▶ _What is expected_:
Word for word, return every record that follows.

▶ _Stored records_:
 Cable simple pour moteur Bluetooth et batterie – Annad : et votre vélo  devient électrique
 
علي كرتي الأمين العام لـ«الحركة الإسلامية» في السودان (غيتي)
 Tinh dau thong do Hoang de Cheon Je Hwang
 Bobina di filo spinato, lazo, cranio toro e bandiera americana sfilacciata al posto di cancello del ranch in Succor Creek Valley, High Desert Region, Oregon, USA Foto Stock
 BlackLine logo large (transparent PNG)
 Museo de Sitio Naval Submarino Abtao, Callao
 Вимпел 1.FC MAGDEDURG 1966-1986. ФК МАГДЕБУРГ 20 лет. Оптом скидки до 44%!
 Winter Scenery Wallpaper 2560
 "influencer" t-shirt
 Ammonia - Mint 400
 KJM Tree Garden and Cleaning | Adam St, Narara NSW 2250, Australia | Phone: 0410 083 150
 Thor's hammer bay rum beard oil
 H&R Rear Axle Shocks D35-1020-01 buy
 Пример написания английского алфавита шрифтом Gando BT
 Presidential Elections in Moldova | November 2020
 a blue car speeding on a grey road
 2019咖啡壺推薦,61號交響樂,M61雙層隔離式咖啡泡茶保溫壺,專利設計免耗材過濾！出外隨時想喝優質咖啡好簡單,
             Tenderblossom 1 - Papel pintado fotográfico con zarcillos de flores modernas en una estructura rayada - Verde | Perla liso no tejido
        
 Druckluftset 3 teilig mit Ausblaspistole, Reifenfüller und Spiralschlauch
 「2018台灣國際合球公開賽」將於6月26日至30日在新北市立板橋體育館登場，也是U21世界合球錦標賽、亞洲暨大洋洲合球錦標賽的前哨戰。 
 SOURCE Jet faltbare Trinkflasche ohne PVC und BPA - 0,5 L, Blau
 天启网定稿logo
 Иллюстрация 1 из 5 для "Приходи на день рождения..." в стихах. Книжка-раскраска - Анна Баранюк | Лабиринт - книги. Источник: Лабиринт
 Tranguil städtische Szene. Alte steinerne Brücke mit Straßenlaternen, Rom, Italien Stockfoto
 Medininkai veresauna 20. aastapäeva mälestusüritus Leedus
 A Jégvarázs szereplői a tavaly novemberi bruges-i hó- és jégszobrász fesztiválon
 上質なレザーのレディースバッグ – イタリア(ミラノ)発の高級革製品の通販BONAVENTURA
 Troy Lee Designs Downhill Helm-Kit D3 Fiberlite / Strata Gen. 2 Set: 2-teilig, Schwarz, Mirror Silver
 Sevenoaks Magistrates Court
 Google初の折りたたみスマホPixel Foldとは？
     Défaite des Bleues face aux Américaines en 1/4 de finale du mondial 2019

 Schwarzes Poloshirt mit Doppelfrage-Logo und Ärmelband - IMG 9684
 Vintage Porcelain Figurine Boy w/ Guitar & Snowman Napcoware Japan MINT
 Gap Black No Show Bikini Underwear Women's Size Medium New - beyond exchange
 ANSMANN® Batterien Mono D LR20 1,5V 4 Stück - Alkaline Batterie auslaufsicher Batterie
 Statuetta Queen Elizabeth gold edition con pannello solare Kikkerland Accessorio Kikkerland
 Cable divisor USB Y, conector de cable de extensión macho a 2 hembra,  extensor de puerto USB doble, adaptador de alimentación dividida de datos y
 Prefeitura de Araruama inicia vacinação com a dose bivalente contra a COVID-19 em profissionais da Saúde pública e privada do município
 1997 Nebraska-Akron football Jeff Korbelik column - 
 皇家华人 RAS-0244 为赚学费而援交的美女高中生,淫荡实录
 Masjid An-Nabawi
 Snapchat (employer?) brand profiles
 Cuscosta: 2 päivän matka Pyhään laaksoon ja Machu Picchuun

▶ _Task result_:
 Cable simple pour moteur Bluetooth et batterie – Annad : et votre vélo  devient électrique
 
علي كرتي الأمين العام لـ«الحركة الإسلامية» في السودان (غيتي)
 Tinh dau thong do Hoang de Cheon Je Hwang
 Bobina di filo spinato, lazo, cranio toro e bandiera americana sfilacciata al posto di cancello del ranch in Succor Creek Valley, High Desert Region, Oregon, USA Foto Stock
 BlackLine logo large (transparent PNG)
 Museo de Sitio Naval Submarino Abtao, Callao
 Вимпел 1.FC MAGDEDURG 1966-1986. ФК МАГДЕБУРГ 20 лет. Оптом скидки до 44%!
 Winter Scenery Wallpaper 2560
 "influencer" t-shirt
 Ammonia - Mint 400
 KJM Tree Garden and Cleaning | Adam St, Narara NSW 2250, Australia | Phone: 0410 083 150
 Thor's hammer bay rum beard oil
 H&R Rear Axle Shocks D35-1020-01 buy
 Пример написания английского алфавита шрифтом Gando BT
 Presidential Elections in Moldova | November 2020
 a blue car speeding on a grey road
 2019咖啡壺推薦,61號交響樂,M61雙層隔離式咖啡泡茶保溫壺,專利設計免耗材過濾！出外隨時想喝優質咖啡好簡單,
             Tenderblossom 1 - Papel pintado fotográfico con zarcillos de flores modernas en una estructura rayada - Verde | Perla liso no tejido
        
 Druckluftset 3 teilig mit Ausblaspistole, Reifenfüller und Spiralschlauch
 「2018台灣國際合球公開賽」將於6月26日至30日在新北市立板橋體育館登場，也是U21世界合球錦標賽、亞洲暨大洋洲合球錦標賽的前哨戰。 
 SOURCE Jet faltbare Trinkflasche ohne PVC und BPA - 0,5 L, Blau
 天启网定稿logo
 Иллюстрация 1 из 5 для "Приходи на день рождения..." в стихах. Книжка-раскраска - Анна Баранюк | Лабиринт - книги. Источник: Лабиринт
 Tranguil städtische Szene. Alte steinerne Brücke mit Straßenlaternen, Rom, Italien Stockfoto
 Medininkai veresauna 20. aastapäeva mälestusüritus Leedus
 A Jégvarázs szereplői a tavaly novemberi bruges-i hó- és jégszobrász fesztiválon
 上質なレザーのレディースバッグ – イタリア(ミラノ)発の高級革製品の通販BONAVENTURA
 Troy Lee Designs Downhill Helm-Kit D3 Fiberlite / Strata Gen. 2 Set: 2-teilig, Schwarz, Mirror Silver
 Sevenoaks Magistrates Court
 Google初の折りたたみスマホPixel Foldとは？
     Défaite des Bleues face aux Américaines en 1/4 de finale du mondial 2019

 Schwarzes Poloshirt mit Doppelfrage-Logo und Ärmelband - IMG 9684
 Vintage Porcelain Figurine Boy w/ Guitar & Snowman Napcoware Japan MINT
 Gap Black No Show Bikini Underwear Women's Size Medium New - beyond exchange
 ANSMANN® Batterien Mono D LR20 1,5V 4 Stück - Alkaline Batterie auslaufsicher Batterie
 Statuetta Queen Elizabeth gold edition con pannello solare Kikkerland Accessorio Kikkerland
 Cable divisor USB Y, conector de cable de extensión macho a 2 hembra,  extensor de puerto USB doble, adaptador de alimentación dividida de datos y
 Prefeitura de Araruama inicia vacinação com a dose bivalente contra a COVID-19 em profissionais da Saúde pública e privada do município
 1997 Nebraska-Akron football Jeff Korbelik column - 
 皇家华人 RAS-0244 为赚学费而援交的美女高中生,淫荡实录
 Masjid An-Nabawi
 Snapchat (employer?) brand profiles
 Cuscosta: 2 päivän matka Pyhään laaksoon ja Machu Picchuun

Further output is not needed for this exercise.